It, can be right after the corresponding decoding probability of each text unit for getting the first cypher text by step B1 Each decoding probability is further processed, to determine the first cypher text as the final of target voice according to processing result Confidence level socre when cypher text_text。

Specifically, a kind of to be optionally achieved in that, can first by each text unit of the first cypher text respectively Corresponding decoding probability summation recycles the total number K of text unit acquire and that value includes divided by the first cypher text₁, The average decoding probability value of each text unit is obtained, to indicate final translation text of first cypher text as target voice The confidence level socre of this when_text。

For example: assuming that the first cypher text is the English text comprising 6 words, and the 1st word is to the 6th list The corresponding decoding probability of word is respectively 0.82,0.78,0.91,0.85,0.81,0.93, then carries out this 6 decoding probabilities After summation, available and value is 5.1, that is, 0.82+0.78+0.91+0.85+0.81+0.93=5.1, recycling is somebody's turn to do and value The total number 6 of 5.1 words for including divided by the first cypher text, the average decoding probability value for obtaining each word is 0.85, that is, 5.1/6=0.85 then can use the average decoding probability value 0.85, indicate above-mentioned first cypher text as target voice Confidence level socre when final cypher text_text, that is, socre_text=0.85.

S602: confidence level when final cypher text of second cypher text as target voice is determined.

In the present embodiment, it if being carried out after directly translating to the second translation object (i.e. target voice), has obtained second and has turned over Translation sheet then may further carry out data processing to the related data of second cypher text, to determine the second translation text Confidence level when this final cypher text as target voice, and the confidence level is defined as socre_trans。

In a kind of implementation of the present embodiment, S602 can specifically include following step C1-C2:

Step C1: the corresponding decoding probability of each text unit of the second cypher text is obtained.

In this implementation, in order to determine setting when final cypher text of second cypher text as target voice Reliability socre_trans, it is necessary first to determine each text unit that the second cypher text includes, wherein text unit refers to The basic composition unit for constituting the second cypher text, it is different with the difference of the affiliated languages of the second cypher text, for example, if Two cypher texts be Chinese text, then it includes text unit can be word or word；If the second cypher text is English text, Then it includes text unit can be for word, etc..

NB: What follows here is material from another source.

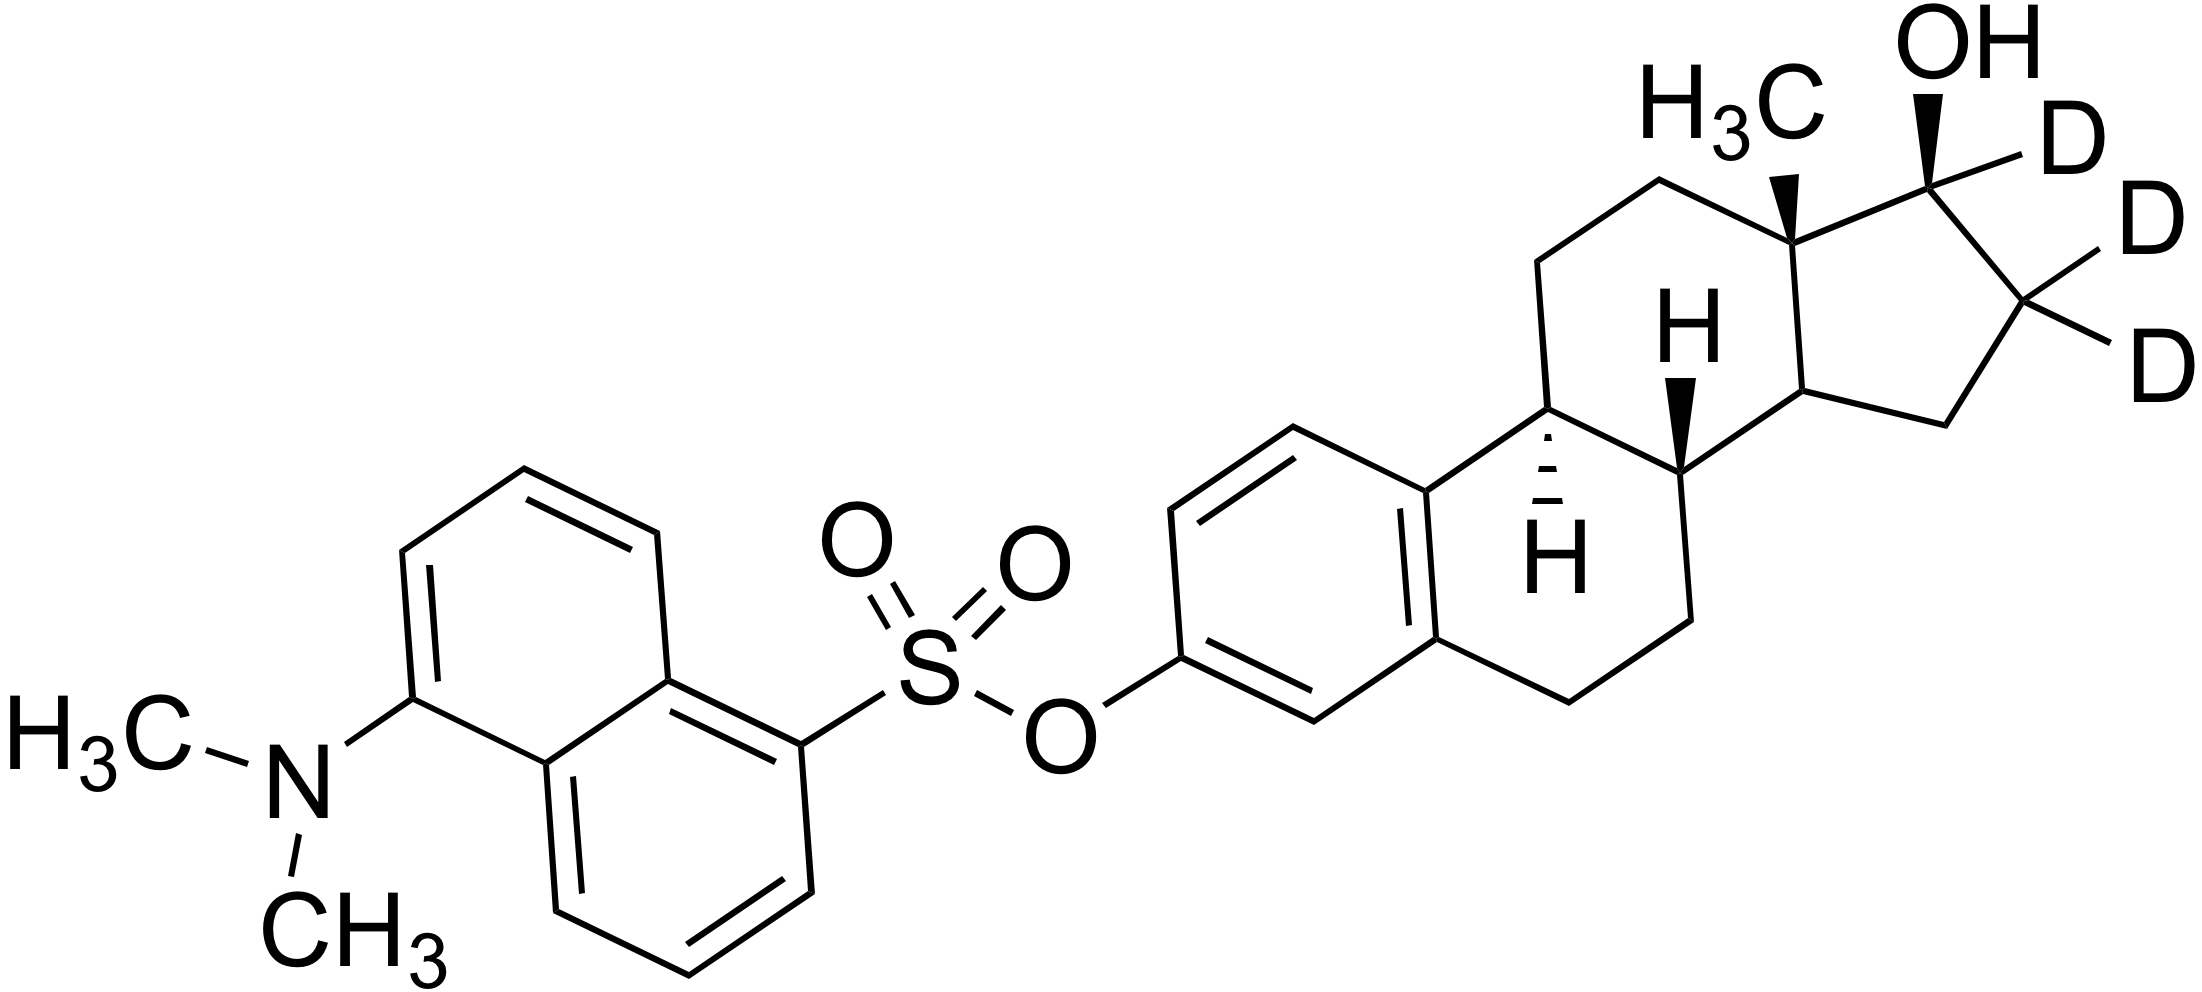 3-Dansyl estradiol-d<sub>3</sub>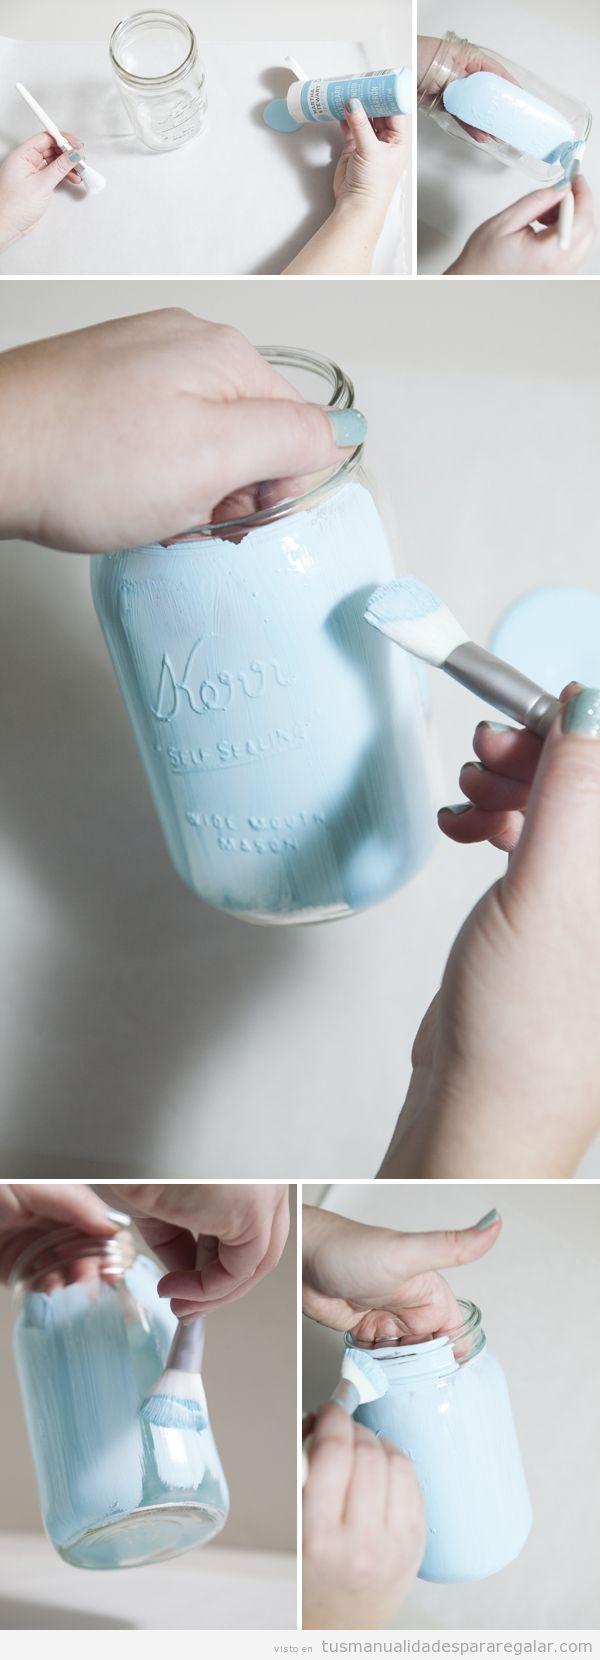 Manualidades para regalar, bote de cristal pintado, tutorial

Then, the available each text unit for including to the second cypher text corresponding decoding in its affiliated languages Probability, wherein decoding probability refers to a possibility that corresponding text unit belongs to cypher text size, and specifically, the decoding is general Rate can be target voice is decoded in second embodiment after in obtained corresponding second probability distribution of k-th of word one A decoding probability.It is understood that decoding probability is bigger, show translation knot of its corresponding text unit as k-th of word A possibility that fruit, is bigger, conversely, decoding probability is smaller, shows its corresponding text unit as the translation result of k-th of word Possibility is smaller.

Step C2: according to the corresponding decoding probability of each text unit of the second cypher text, the second translation is determined Confidence level when final cypher text of the text as target voice.

It, can be right after the corresponding decoding probability of each text unit for getting the second cypher text by step C1 Each decoding probability is further processed, to determine the second cypher text as the final of target voice according to processing result Confidence level socre when cypher text_trans。

Specifically, a kind of to be optionally achieved in that, can first by each text unit of the second cypher text respectively Corresponding decoding probability summation recycles the total number K of text unit acquire and that value includes divided by the second cypher text₂, The average decoding probability value of each text unit is obtained, to indicate final translation text of second cypher text as target voice The confidence level socre of this when_trans。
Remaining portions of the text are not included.